Da La STAMPA del 24 luglio 2006, un editoriale di Maurizio Molinari:

FRA 72 ore si celebra a Roma una conferenza sul Libano che può aprire le porte ad un nuova dimensione dell'Alleanza Atlantica. Se l'ambasciatore americano all'Onu, John Bolton, non esclude che possa essere la Nato a guidare le forza multilaterale di interposizione nel Libano del Sud - una volta che le ostilità saranno cessate - è perché sul turbolento scenario del Grande Medio Oriente solo l'Alleanza può riuscire a «proiettare stabilità», come suole ripetere il segretario generale Jaap de Hoop Scheffer.

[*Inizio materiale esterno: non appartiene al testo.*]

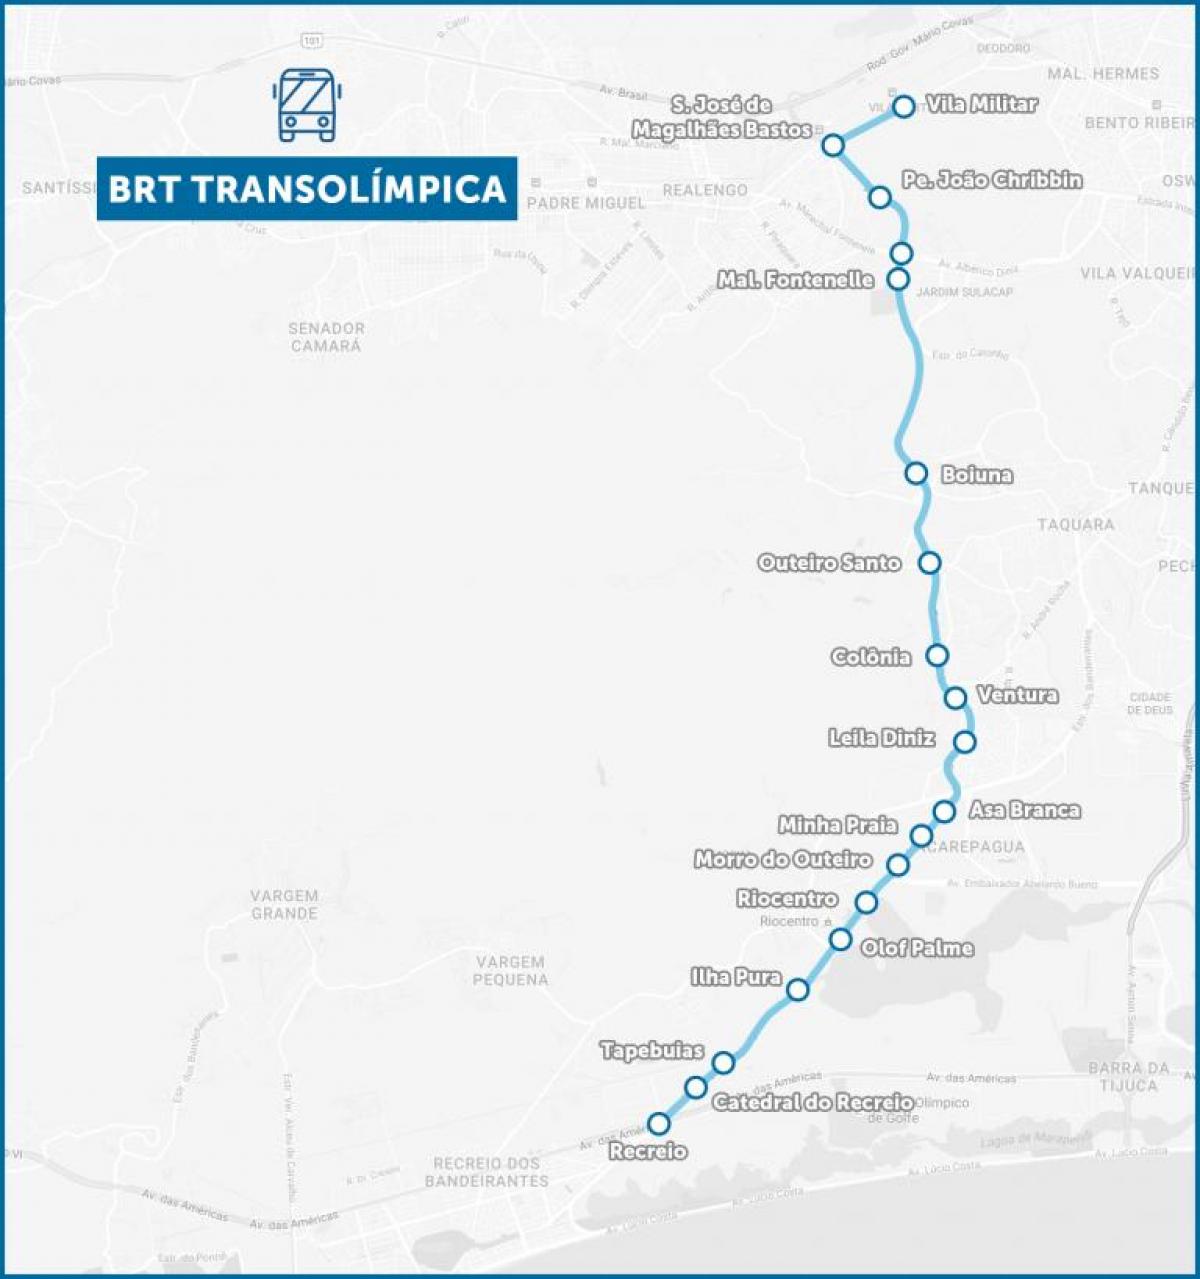 Kort over BRT TransOlimpica

Forte del sostegno di Washington, accettata come imparziale da Gerusalemme e con legami di partnership con i Paesi arabi, la Nato ha strumenti militari e credibilità politica per ripetere in Libano quanto sta facendo in Afghanistan con l'Isaf, una missione ad alto rischio guidata dagli alleati europei per tutelare l'indipendenza di una giovane democrazia minacciata delle milizie. I taleban costituiscono per il governo Karzai a Kabul la stessa minaccia portata dagli Hezbollah al governo Siniora a Beirut: in entrambi i casi si tratta di gruppi terroristici eterodiretti, che si propongono di costituire califfati islamici e sono pronti ad usare qualsiasi forma di violenza per riuscire nei propri obiettivi.
Ma lo sbarco della Nato nel Libano del Sud con il compito di far rispettare la risoluzione 1559 dell'Onu - sovranità del Libano, fine delle interferenze siriane e disarmo degli Hezbollah - può avvenire solo grazie ad una forte intesa fra i Paesi arabi moderati - Giordania, Egitto ed Arabia Saudita - e le nazioni europee che saranno chiamate a fornire la maggioranza delle truppe. Da qui l'importanza del summit di Roma ed il ruolo che la diplomazia italiana può svolgere per far maturare una vasta intesa politica in difesa dell'indipendenza del Libano, perno tanto della sicurezza di Israele che del contenimento di Siria ed Iran. Sebbene prima di ogni vertice la prudenza sia d'obbligo, la posta in palio a Roma va ben oltre l'orizzonte di Beirut. Se Usa, Europa e Paesi arabi faranno anche solo un passo verso l'accordo per affidare alla Nato la stabilizzazione del Libano le conseguenze arriveranno fino a Riga, dove in novembre il summit dell'Alleanza discuterà sulla «Nato con partner globali» ovvero il ruolo di garante della sicurezza su scala planetaria nell'era della guerra al terrorismo.